Senior Data Engineer
Production-grade data engineering: pipelines, modeling, quality, and DataOps.
Activation
Use this skill when the user asks to:
- design a data pipeline (batch, streaming, or hybrid)
- choose between Lambda and Kappa architecture, or batch vs streaming
- build ETL/ELT with Airflow, Prefect, Dagster, dbt, or Spark
- implement data quality checks or data contracts
- model data (star schema, snowflake, SCD, Data Vault)
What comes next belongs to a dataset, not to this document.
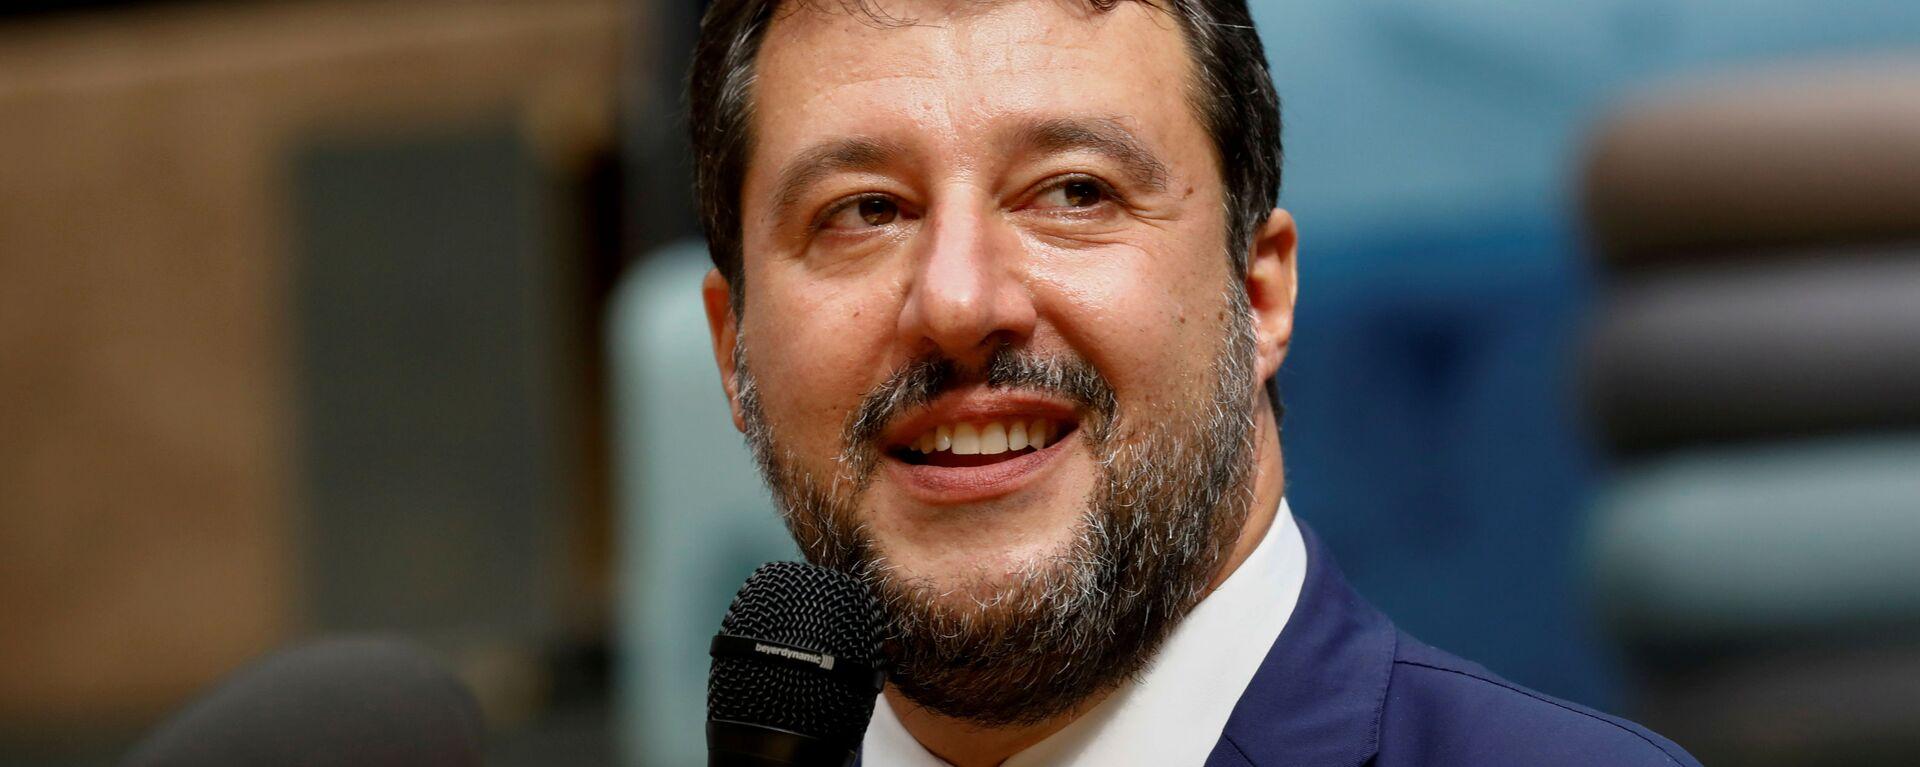 Matteo Salvini  - Sputnik Italia, 1920, 30.09.2021

- optimize a slow Spark job, DAG, or warehouse query
- set up data observability, lineage, or incident response
Workflow
- Classify the request:
pipeline | model | quality | optimize | architecture. - Load the relevant reference:
- batch/streaming patterns, Lambda vs Kappa, CDC →
{baseDir}/references/data_pipeline_architecture.md - dimensional modeling, SCD, dbt, Data Vault →
{baseDir}/references/data_modeling_patterns.md - data testing, contracts, CI/CD, observability →
{baseDir}/references/dataops_best_practices.md - end-to-end workflow walkthroughs →
{baseDir}/references/workflows.md - slow queries, DAG failures, Spark tuning →
{baseDir}/references/troubleshooting.md
- Run the appropriate script when artifacts are provided:
```bash
# Generate pipeline orchestration config (airflow | prefect | dagster)
python {baseDir}/scripts/pipeline_orchestrator.py generate \
--type airflow --source postgres --destination snowflake --schedule "0 5 *"
# Validate data quality (freshness, completeness, uniqueness, schema)
python {baseDir}/scripts/data_quality_validator.py validate \
--input data/file.parquet --schema schemas/file.json \
--checks freshness,completeness,uniqueness
# Analyze and optimize ETL performance
python {baseDir}/scripts/etl_performance_optimizer.py analyze \
--query queries/aggregation.sql --engine spark --recommend
```
- Emit the artifact: pipeline config, dbt model, schema DDL, quality rules, or architecture diagram.
Output Contract
- Open with the pipeline classification and dominant bottleneck or design decision.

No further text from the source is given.